No entanto, nos últimos anos, a Tesla tem estado parada. Seu negócio principal de veículos elétricos (EV) diminuiu em volume em 2024 e 2025, e os resultados do primeiro trimestre também foram decepcionantes. A receita total de 2025, de US$ 94,8 bilhões, ficou ligeiramente abaixo de sua marca de 2023 de US$ 96,8 bilhões. O lucro operacional, enquanto isso, caiu pela metade nesse período, pois as margens despencaram devido ao aumento da concorrência em EVs. A Tesla registrou apenas US$ 4,4 bilhões em lucro operacional GAAP.
Apesar dos números ruins, a Tesla sustentou uma avaliação elevada, e a ação subiu 40% desde o final de 2023, mesmo com o negócio literalmente encolhendo.
Isso se deve à capacidade do CEO Elon Musk de vender aos investidores sua visão de robotáxis e robôs autônomos, mas até agora, a Tesla tem pouco a mostrar nessas áreas, pelo menos em seus resultados financeiros. Ela está operando seu serviço de robotáxi em base limitada em duas áreas metropolitanas, Austin e a Área da Baía de São Francisco, e continua a desenvolver seu robô autônomo Optimus, que ainda não está no mercado.
No entanto, as ações da Tesla caíram este ano à medida que esses riscos se tornam mais evidentes, e agora um analista de Wall Street pediu uma queda de mais 60% para a Tesla.

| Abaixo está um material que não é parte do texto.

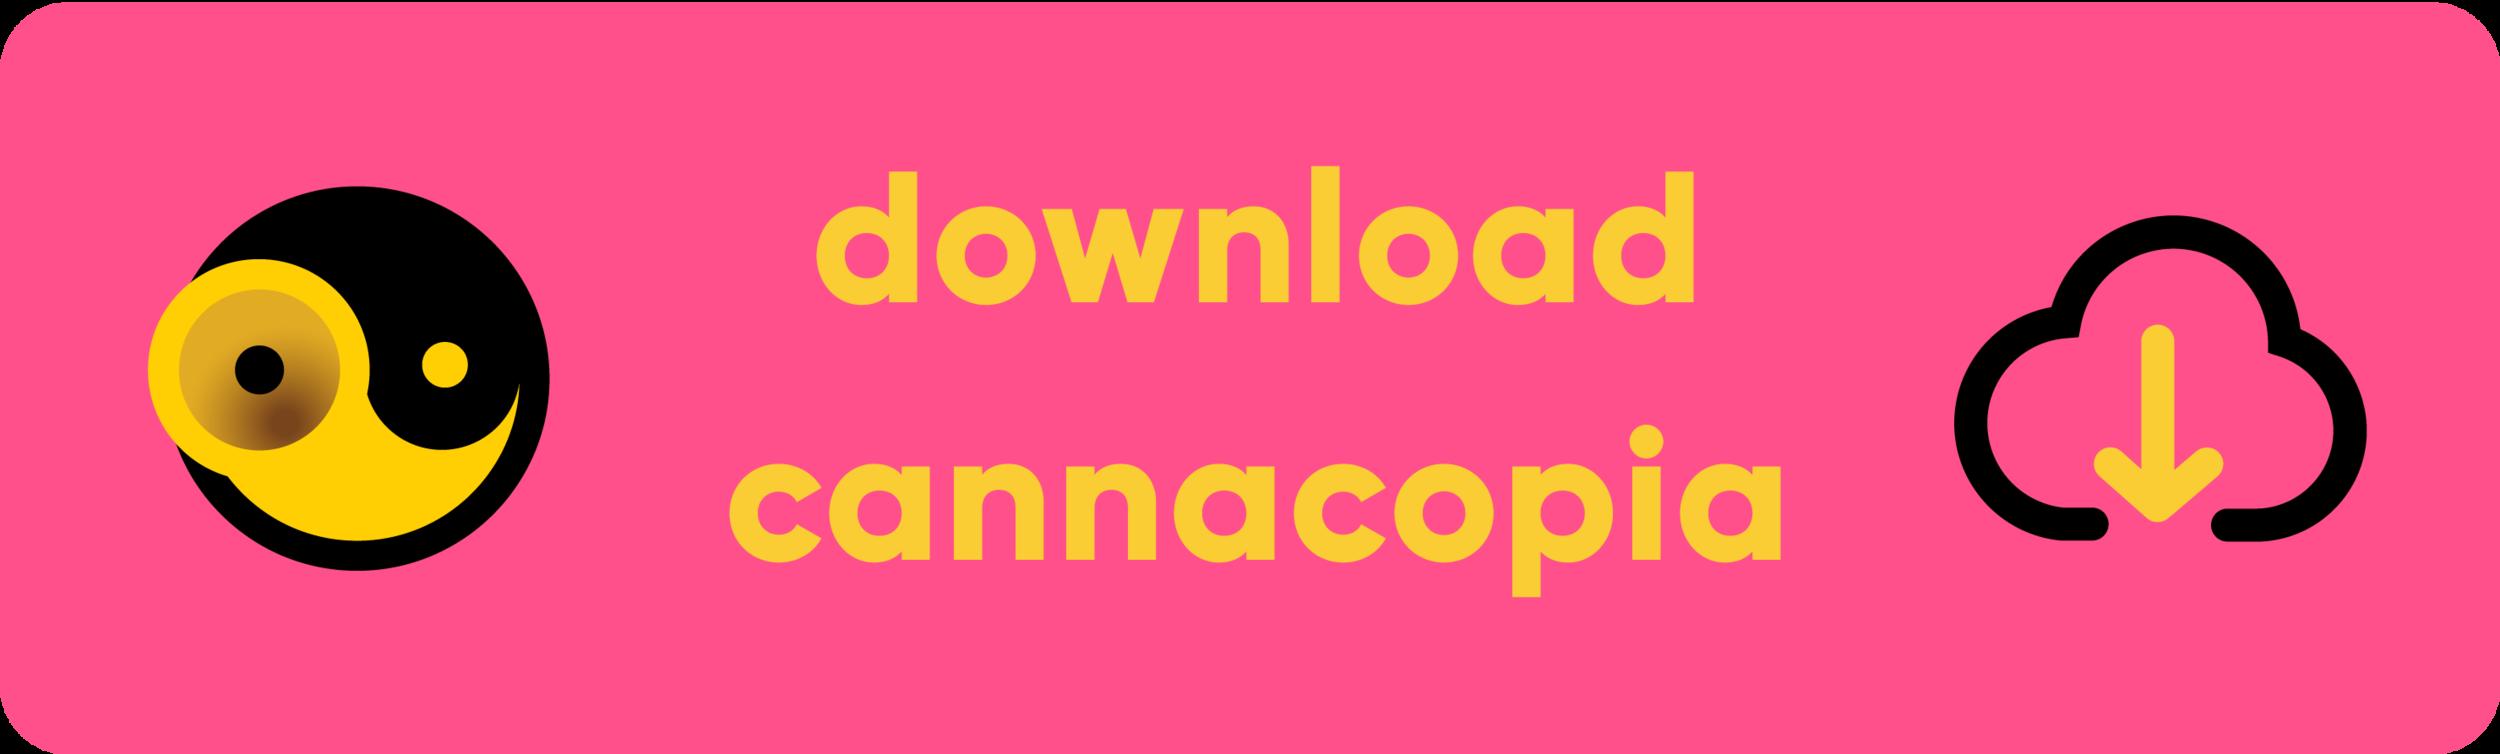 downloadcanna-05.png

JPMorgan acha que a Tesla atingirá US$ 145
O analista da JPMorgan Chase, Ryan Brinkman, divulgou uma nota brutal sobre a Tesla na segunda-feira, dizendo que as expectativas para a Tesla haviam desmoronado "para todas as métricas financeiras e de desempenho" até o final da década.
De fato, os analistas esperam apenas um crescimento modesto nos próximos anos, com o consenso prevendo um crescimento de receita de 9% em 2026 para US$ 103,1 bilhões e um crescimento de 17% em 2027 para US$ 120,5 bilhões.
No primeiro trimestre, a Tesla registrou um aumento de 6,3% nas entregas de veículos para 358.023, mas isso ainda ficou abaixo das estimativas.
A Tesla está prestes a despencar?
Como reflete a queda das ações este ano e a nota do JPMorgan, há muitos ventos contrários enfrentando as ações. O crédito fiscal de US$ 7.500 para EVs expirou nos EUA no ano passado, o que provavelmente pesará na demanda por EVs, e mesmo antes da expiração do crédito fiscal, a demanda não cresceu como os previsores esperavam.
Mais de cinco anos após a Tesla ter rompido e se tornado lucrativa, os veículos a gasolina ainda dominam as vendas de automóveis, e a maioria dos compradores de carros parece cética em relação aos EVs devido a preocupações como "ansiedade de alcance", alcance diminuído no inverno e o fato de que carregadores de EV gratuitos estão cada vez mais raros.
A Tesla também se beneficiou do "prêmio Musk", significando o valor adicional que a ação tem devido à presença de Elon Musk no topo da empresa e sua visão para a Tesla.
No entanto, Musk também é um risco para a Tesla. Por exemplo, ele afastou vários proprietários de Tesla e potenciais compradores com sua aliança com o Presidente Trump, e ele é propenso a fazer promessas que não pode cumprir, ou pelo menos não em tempo hábil.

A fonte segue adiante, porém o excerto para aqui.